Hit-or-miss (shape matching)

MORPH_HITMISS finds pixels where a binary pattern and its complement align with a template kernel (hits, misses, and “don’t care” positions—see your OpenCV version’s rules for exact matrix values). Common on skeletonized text or thin structures to locate T-junctions or endpoints.

import cv2
import numpy as np

# Placeholder kernel — replace with a pattern from OpenCV hit-or-miss docs for your task
hitmiss_kernel = np.array([[0, 1, 0],
                           [1, 1, 0],
                           [0, 0, 0]], dtype=np.int8)
out = cv2.morphologyEx(bw, cv2.MORPH_HITMISS, hitmiss_kernel)

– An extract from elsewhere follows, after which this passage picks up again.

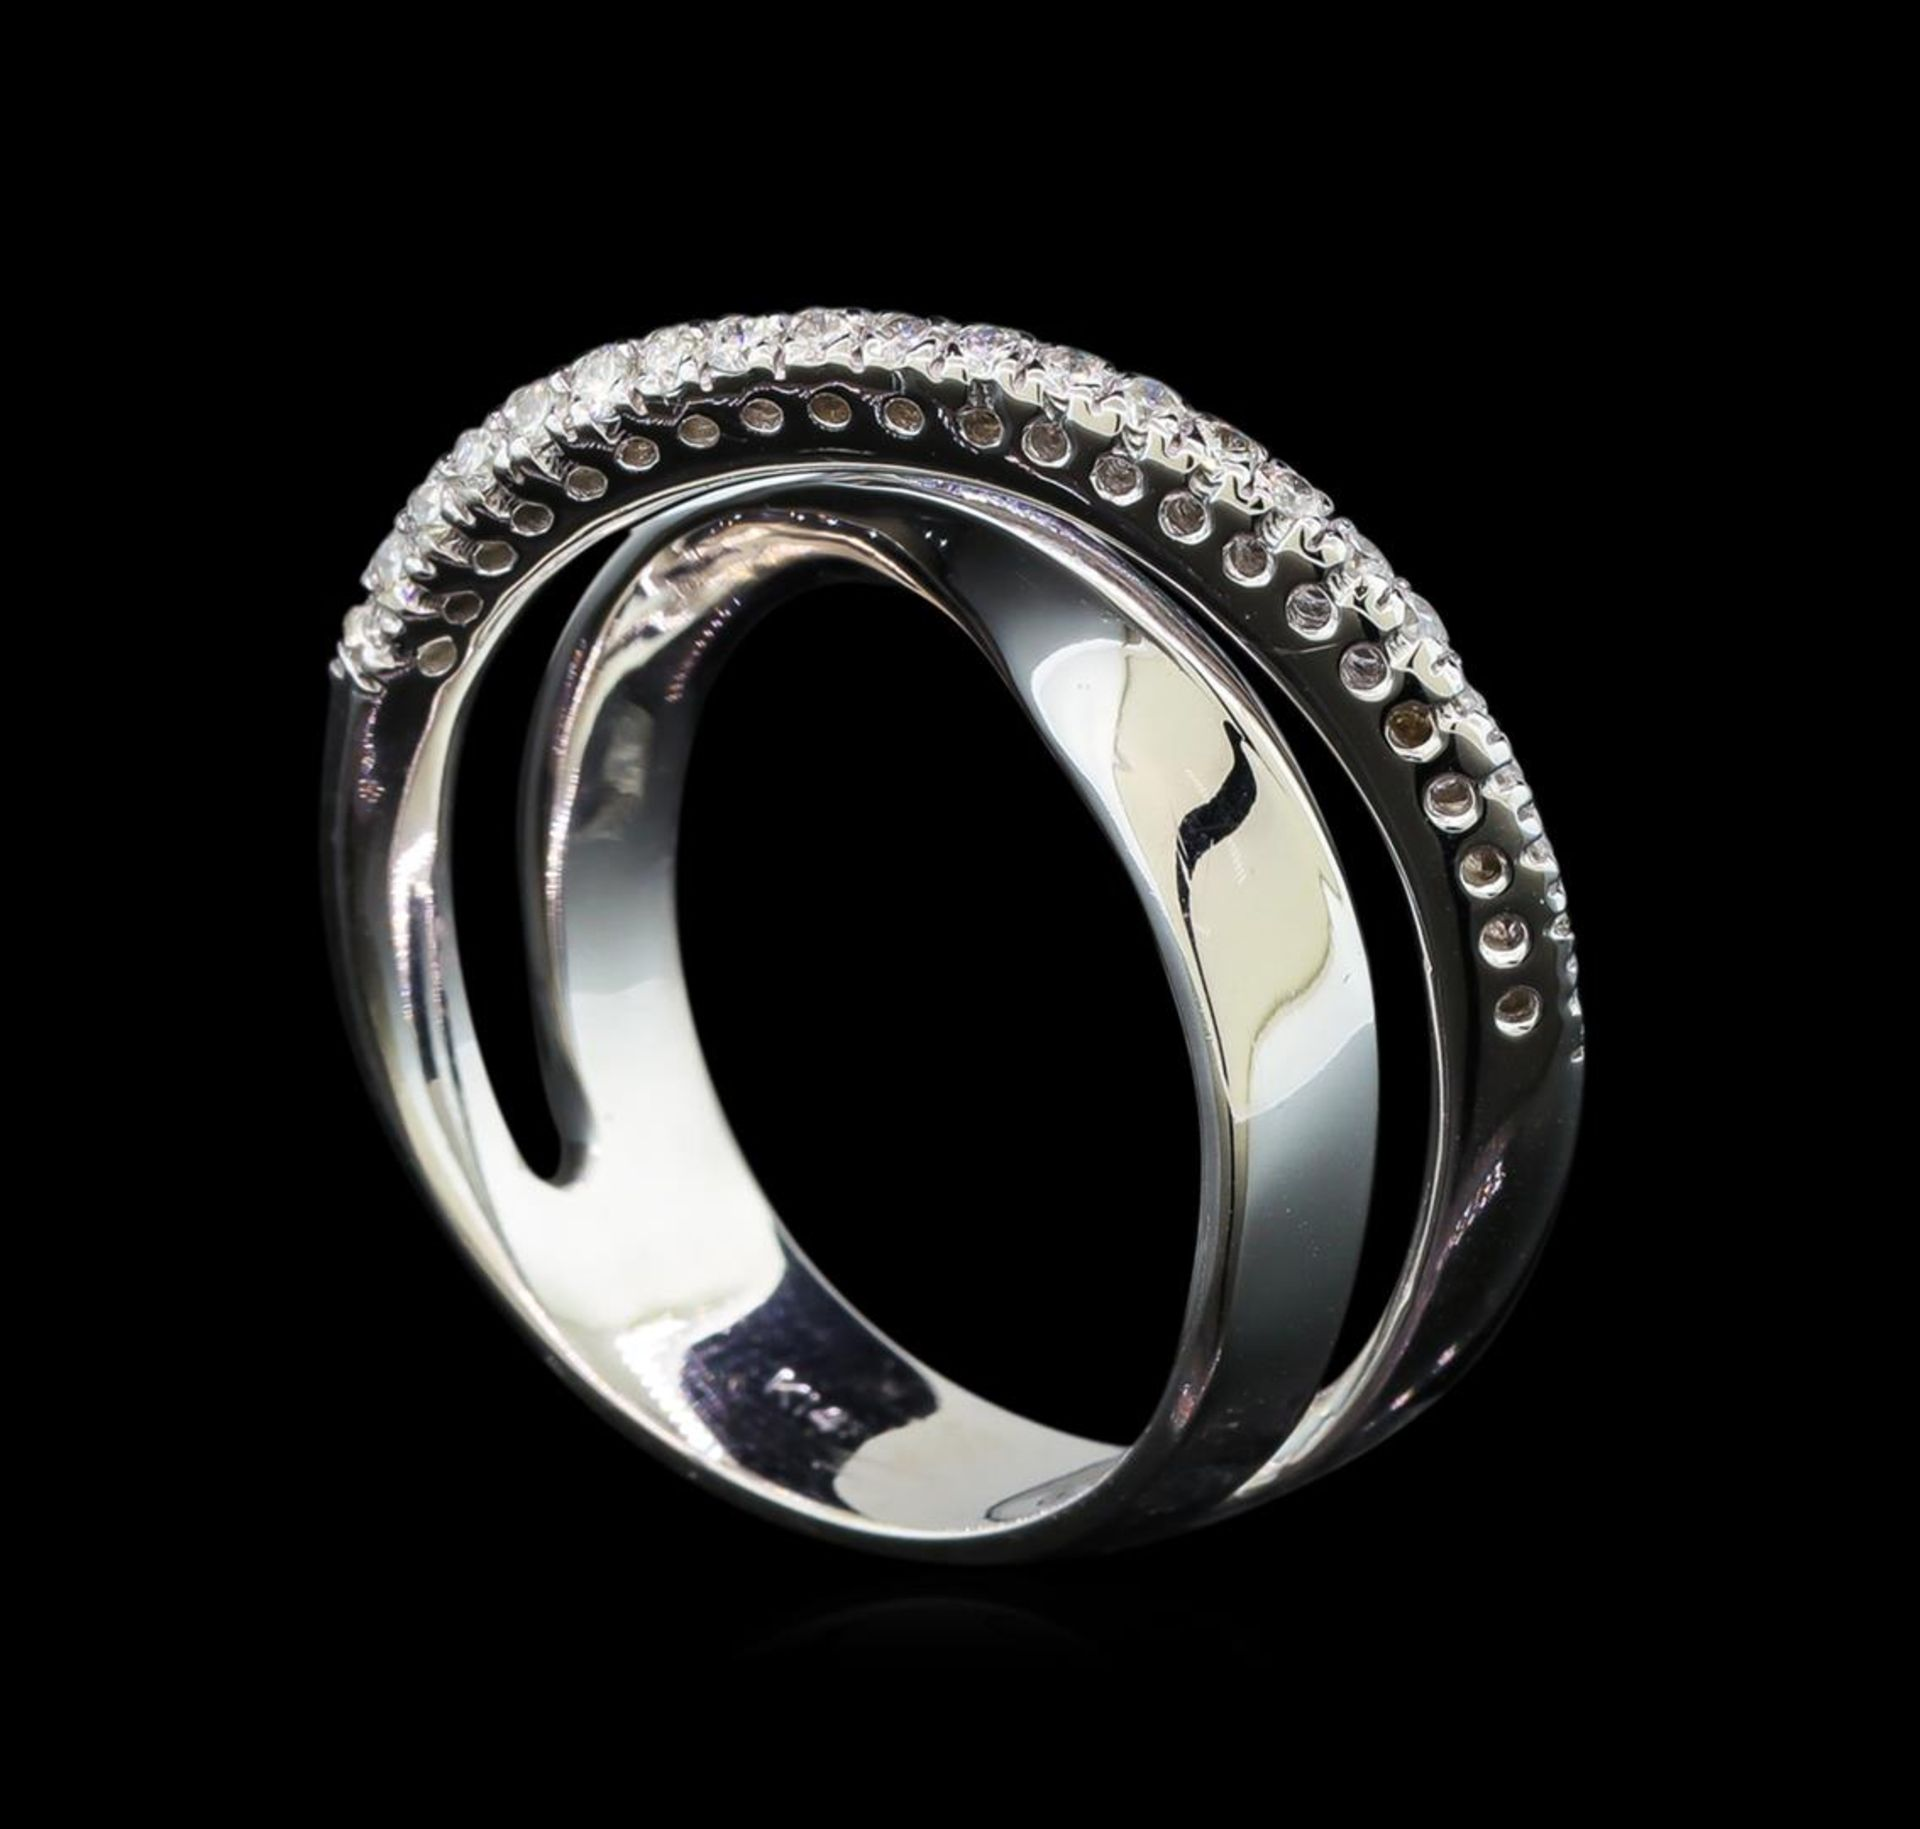 0.25 ctw Diamond Ring - 14KT White Gold - Image 3 of 3

Encoding of 0/1/-1 differs by tutorial; always cross-check the official cv.morphologyEx hit-miss section for your build.

End-to-end: clean a binary scan

import cv2

gray = cv2.imread("scan.png", cv2.IMREAD_GRAYSCALE)
blur = cv2.GaussianBlur(gray, (3, 3), 0)
_, bw = cv2.threshold(blur, 0, 255, cv2.THRESH_BINARY + cv2.THRESH_OTSU)

k = cv2.getStructuringElement(cv2.MORPH_RECT, (2, 2))
bw = cv2.morphologyEx(bw, cv2.MORPH_OPEN, k, iterations=1)
bw = cv2.morphologyEx(bw, cv2.MORPH_CLOSE, k, iterations=1)

Takeaways

  • Opening removes small foreground noise; closing fills holes in foreground.
  • Prefer several small iterations or moderate kernels over one huge kernel for smoother control.
  • Gradient / top-hat / black-hat extract boundaries and fine structure on binary or gray images.

Quick FAQ

OpenCV morphology treats high values as “set” in the usual binary convention. If your mask has objects as 0 and background as 255, invert with cv2.bitwise_not first so semantics match your intent.

Ellipses round off corners isotropically—often nicer for blob-like objects. Rectangles align with axis-aligned text or grid structures.